(DATA FOR THIS EXERCISE)
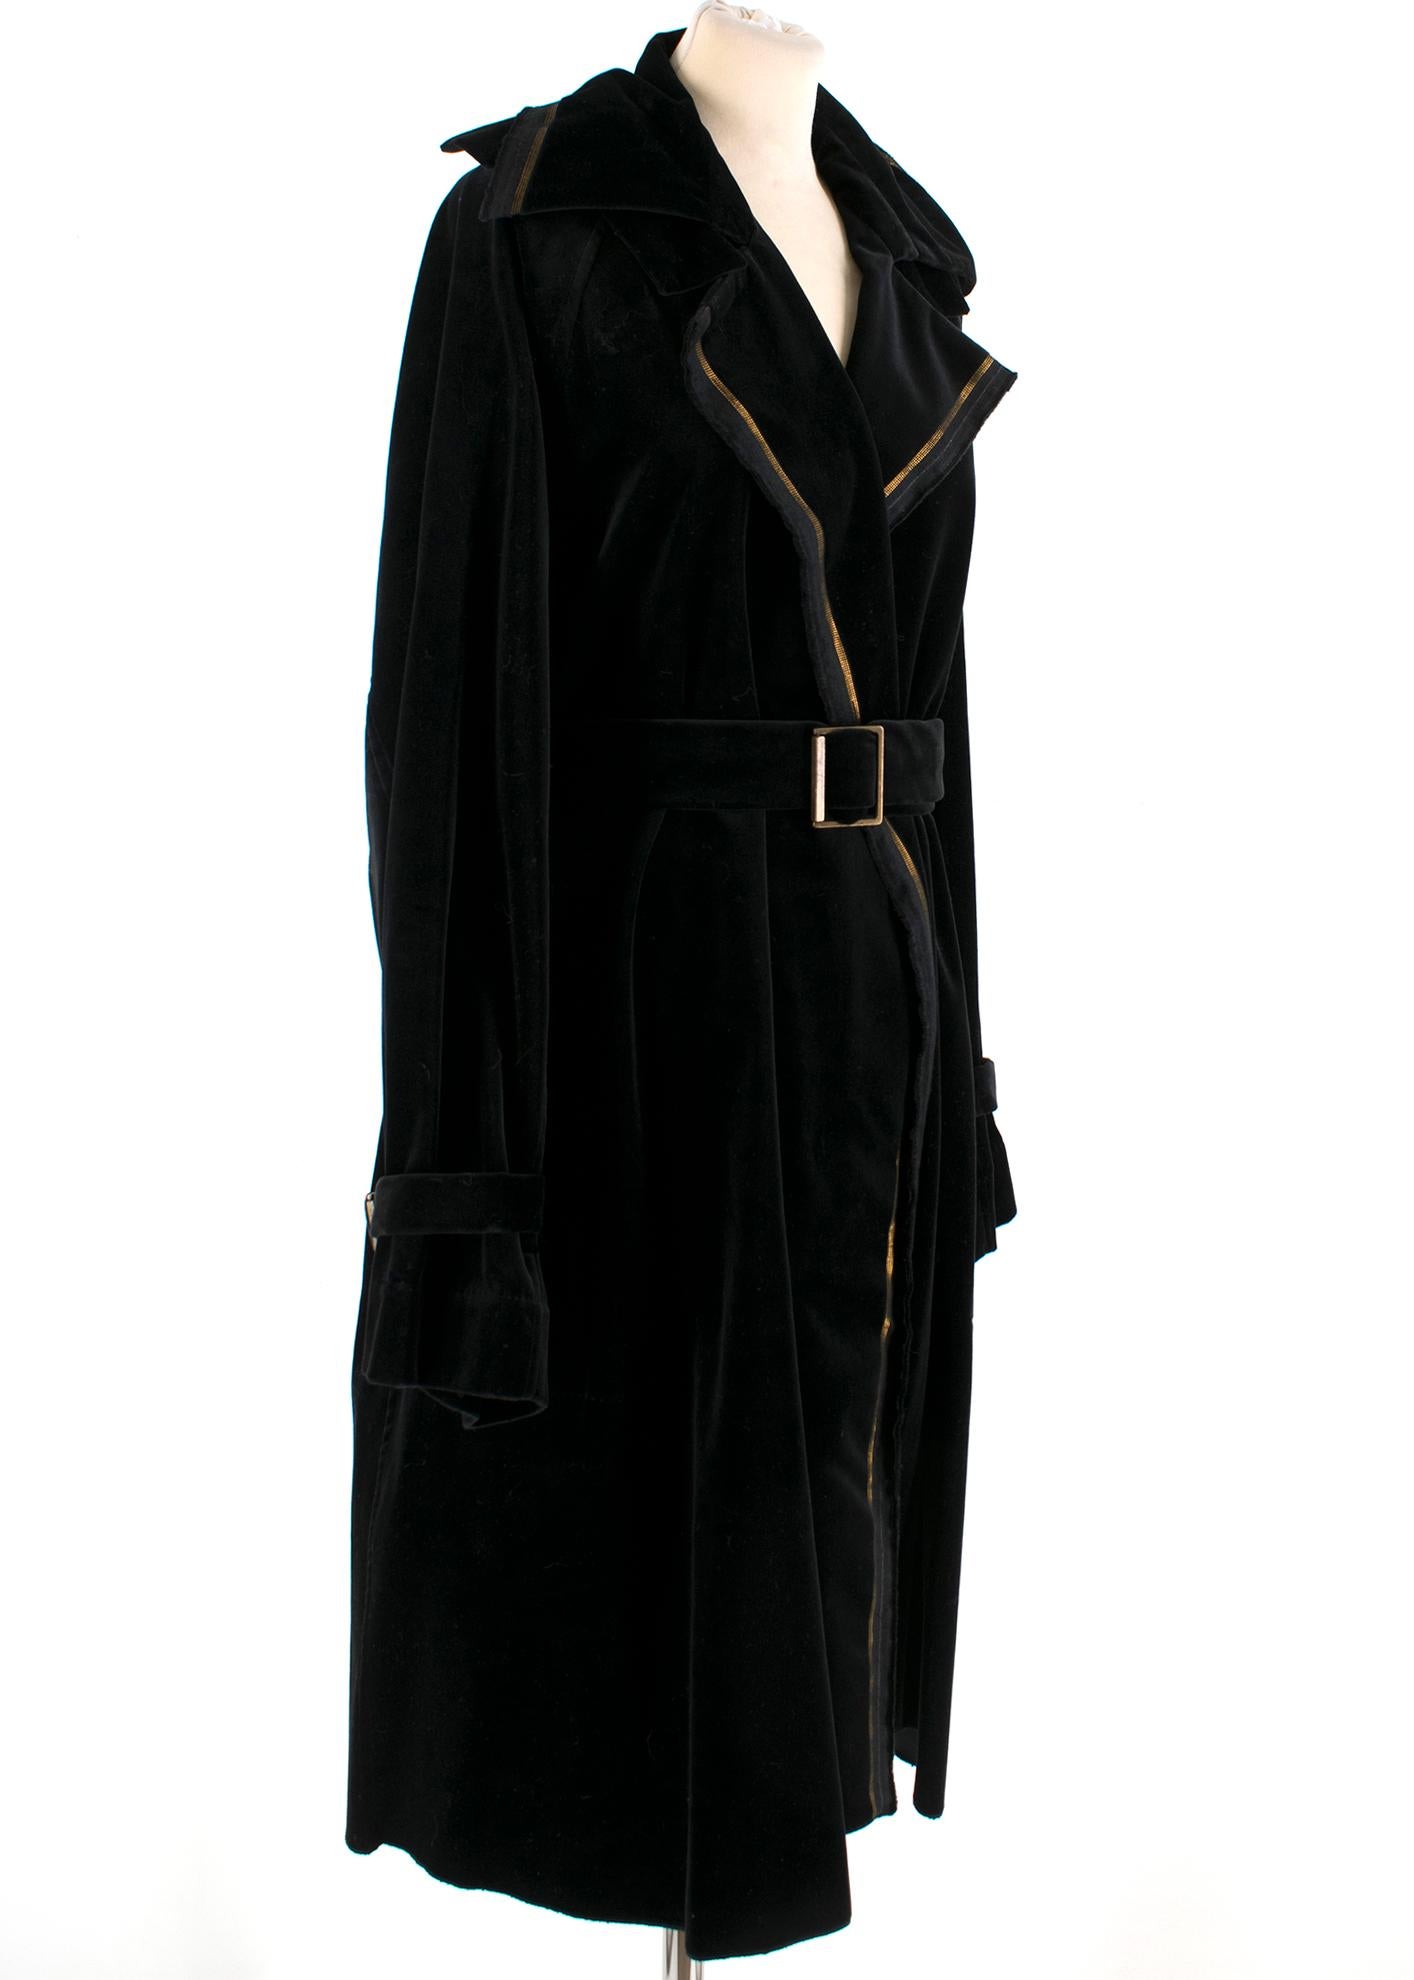 Lanvin Black Cotton Wrap Coat 

- Gold Tone Hardware 
- Belted Waist Fastening 
- Belt detail on Cuffs 
- Gold Tone Embroidery 
- Large Side Zip Pockets 

100% Cotton 

Dry Clean Only 

Sleeves: 78cm 
length: 100cm

(EXERCISE REQUIREMENTS) The answer is the line holding "- Large Side Zip Pockets" and all the lines after it through the end of the records, repeated exactly.

(REPLY)
- Large Side Zip Pockets 

100% Cotton 

Dry Clean Only 

Sleeves: 78cm 
length: 100cm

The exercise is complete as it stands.